Junehee Yoon completed a B.A. from Yonsei University and an M.A. from Ewha Woman’s University (Seoul). After coming to the United States, she earned an M.Div. from Drew University and an S.T.M. (Ethics) from Yale Divinity School, where her master’s thesis was entitled “Revisiting Christian Soteriology in the Liberation Process of Korean Christianity.” At Drew, Junehee is a first-year Ph.D. student in Religion and Society, majoring in Christian Social Ethics. Her academic interests include the ethical analysis of discourses on intersections of race, gender, sexuality, and sexual-orientation; and constructing ethical individual and communal identities within the Christian tradition for a Christian vision of liberation. Junehee’s work for the CCGC involves partnering with Michael Sniffen to design global curricula and resources.

2011-2012 Luce Faculty Fellows

The CCGC has awarded four faculty research grants for 2011-2012.  These grants support individual faculty research in the area of Africana Studies.  Each Luce Faculty Fellow has a unique approach to this area of study:

Kenneth Ngwa

Dr. Kenneth Ngwa, assistant professor of Hebrew Bible, will be conducting a case study of Cameroon in order to examine the construction of identities in a postcolonial context.  This study will contribute to his larger project of reading Exodus 2:11-15 through a postcolonial lens.  Ngwa writes, “The results will then become an analogy for thinking about Africana hermeneutics under the rubric of Diaspora experience that requires reflection about people with different cultural and colonial legacies.”

Althea Spencer-Miller

Dr.
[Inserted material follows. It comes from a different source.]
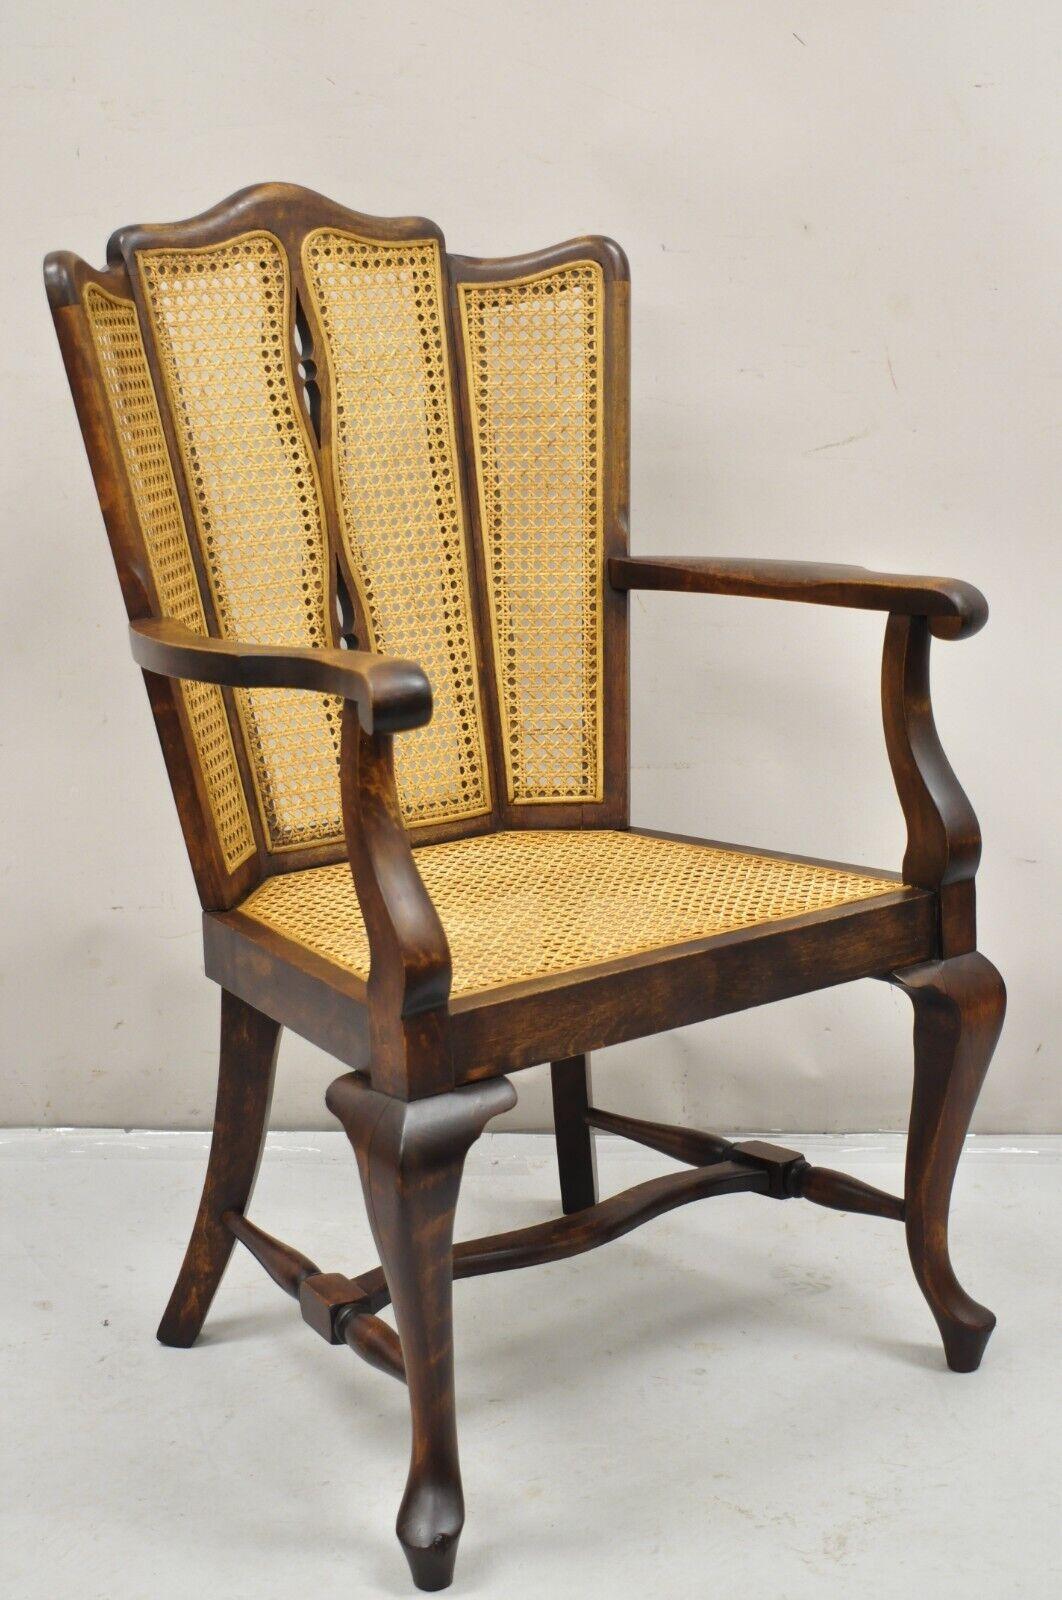 Ancienne chaise de salon victorienne en noyer et canne sculptée avec des pieds Queen Anne. Circa Early 1900s. Dimensions : 38,5

Althea Spencer-Miller, Assistant Professor of New Testament, is also researching indigenous hermeneutics, with a specific interest in orality studies.  “The Caribbean has an intellectual history in the Negritude Movement of the 1930s – 1950s,” Spencer-Miller explains. “The Paris based Movement consisted primarily of Caribbean and African thinkers, who were expatriates of French colonies, and at times included the French existentialist writer and philosopher, Jean-Paul Sartré.” Spencer-Miller is interested in how these African Diaspora connections might contribute to furthering the development of an Africana Hermeneutics.

Traci West

Dr. Traci West, Professor of Ethics and African American Studies, will be continuing her research on anti-violence activism in Ghana and South Africa and in the African diaspora community of Salvador, Brazil.   “I am specifically interested in the impact of white racist colonialism and religion on their strategies,” West added.  This supports West’s larger comparative project examining anti-violence work in US-Christian and other global Christian contexts.

Elias Ortega-Aponte

Dr. Elias Ortega-Aponte, Assistant Professor of Afro-Latina/o Religions and Cultural Studies, is also interested in religious practice and activism, specifically the relations between Power Movements, activism, and urban religion in the US.  This grant will aid Ortega-Aponte in expanding his ethnographic research of the Young Lords movement, as well as researching constructions of Afro-Latino/a identity as expressed in bomba music and dance, and the heritage of vejigante masks. This, and other research in Afro-Latino/a urban activism, “represent[s] a unique source for expanding Latino/a theological and ethical language in connection to urban religiosity; as well aiding in the articulation of a distinct Afro-Latino/a theology,” Ortega-Aponte states.

2011-2012 Luce Visiting Scholar

Dr.Po-Ho Huang is a Visiting Scholar during the spring semester of 2012.  Dr. Huang is Dean of the School of Liberal Education, Professor in the Department of Theology, and Dean of the Programme for Theology and Cultures in Asia at Chang Jung Christian University in Tainan City, Taiwan.